Is The Market Ready For a Breakout?
This is probably one of the biggest questions traders are asking as the market enters the third month of its sideways volatile behavior. One thing is for sure about such volatile channel behavior; that it breaks out strongly one direction or the other eventually and that trending behavior lasts much longer than sideways ones. This is what makes Neutral Options Strategies so tricky to implement in options trading.
Even though I hold the outlook that we should see a significant correction this year, the way the market has behaved over the past two trading days suggest that this may not be the start of that correction. In fact, more than any time over the past 3 months, the market looks cocked for an upside breakout.
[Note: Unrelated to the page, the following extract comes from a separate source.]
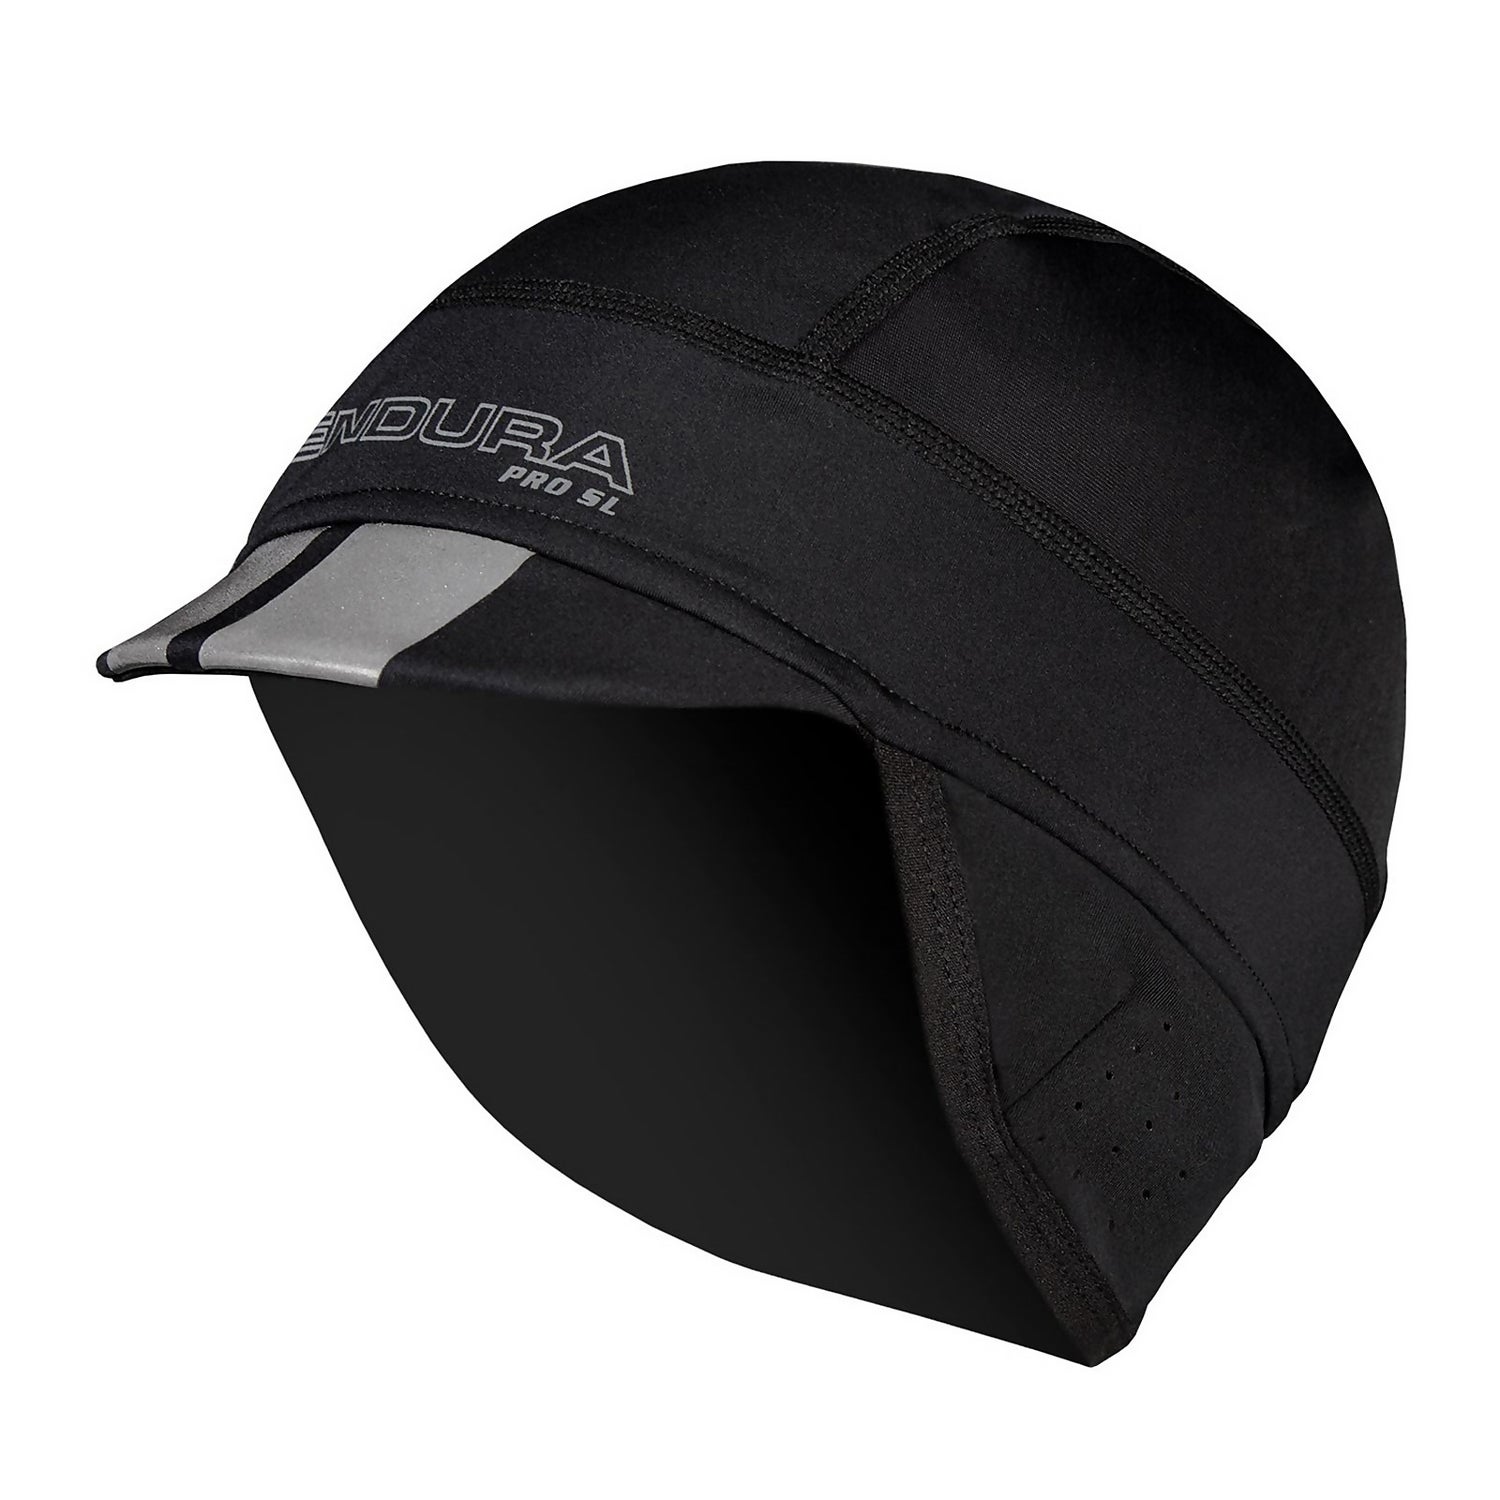 Pro SL Winter Cap - Black
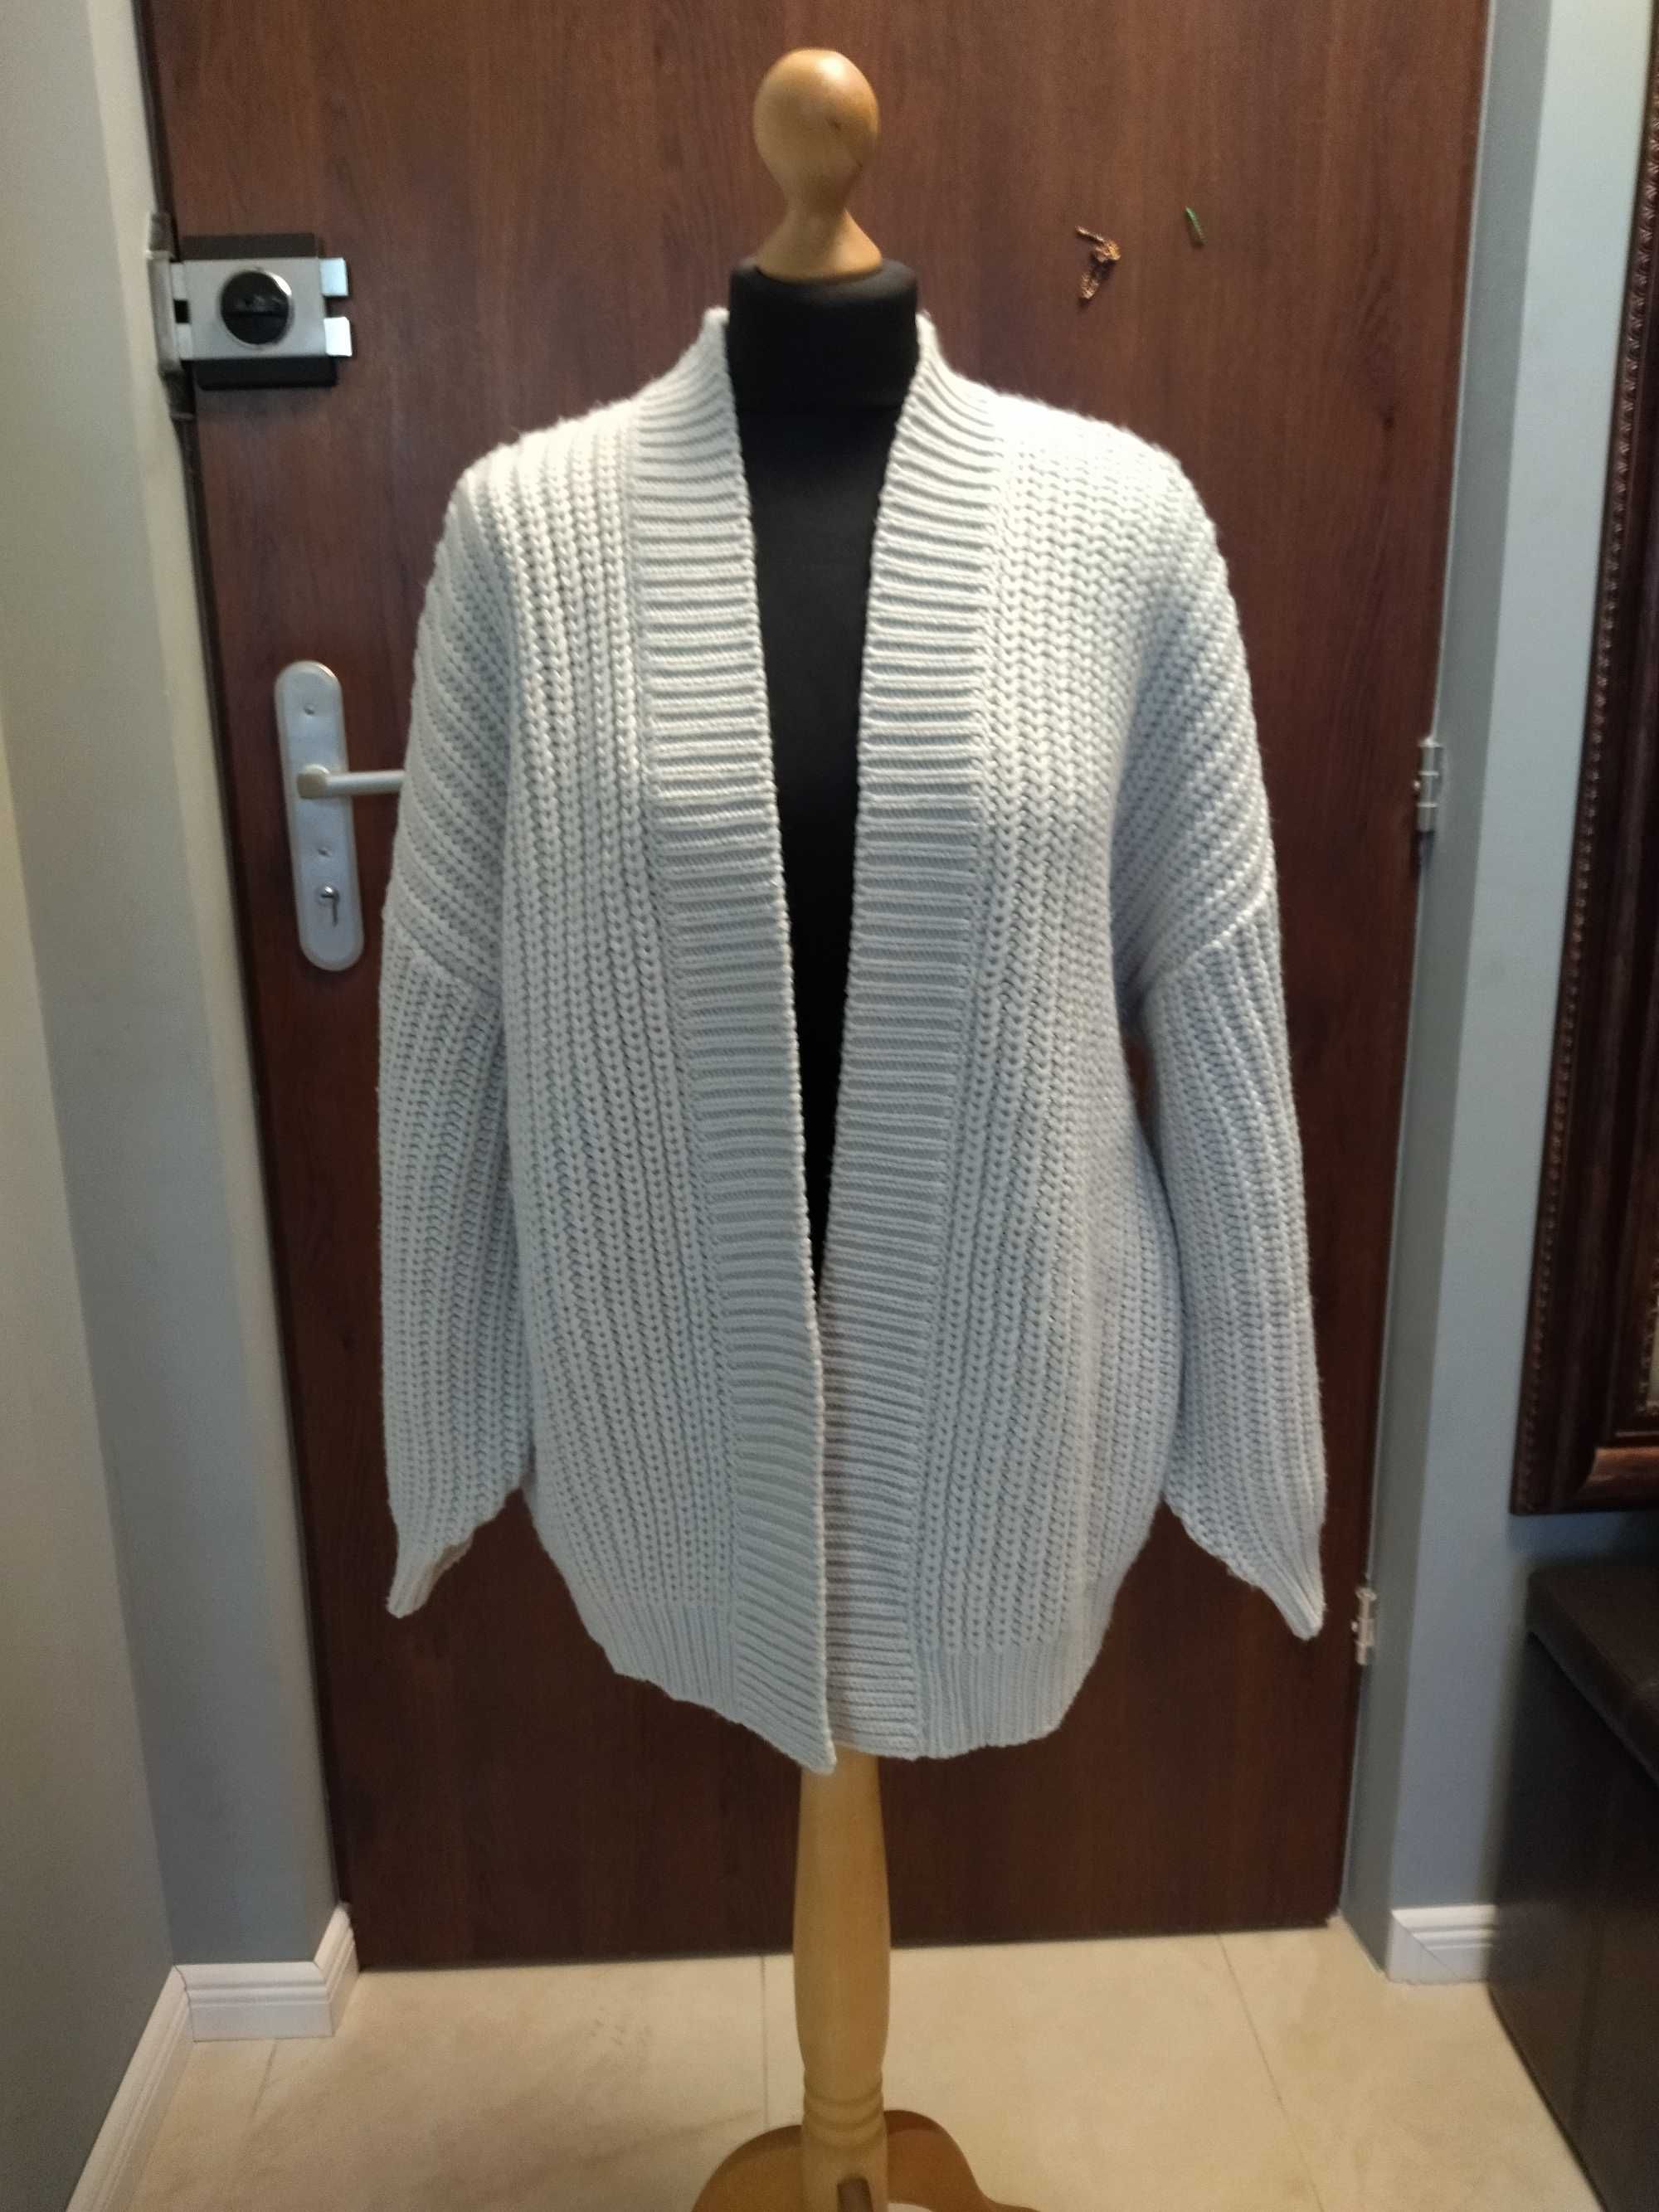 Sweter, kardigan marki Reserved, rozmiar L/XL,

Like I always said, as a trader, there is no place for soothsaying... predictions and outlooks are merely entertainment, it is the actual price action that we believe in and trade in.
The price action, particularly the generally market leading Nasdaq100, over the past two days has strongly suggested an upside breakout due mainly to how the market has held up against continuing downwards following the evening star candlestick formation on 9 Feb 2015. That formation was the perfect formation for the market to continue downwards, continuing the sideways volatile channel and very probably leading into a downside breakout. However, the market resisted that formation and turned upwards instead on good volume. It has also remained up there yesterday and even continued upwards with the Nasdaq100. This is a significant change of character that strongly suggests that we should start preparing for upside opportunities and that is exactly what I am going to do for my Master's Stock Options Picks subscribers. Yes, the wait could be over at last!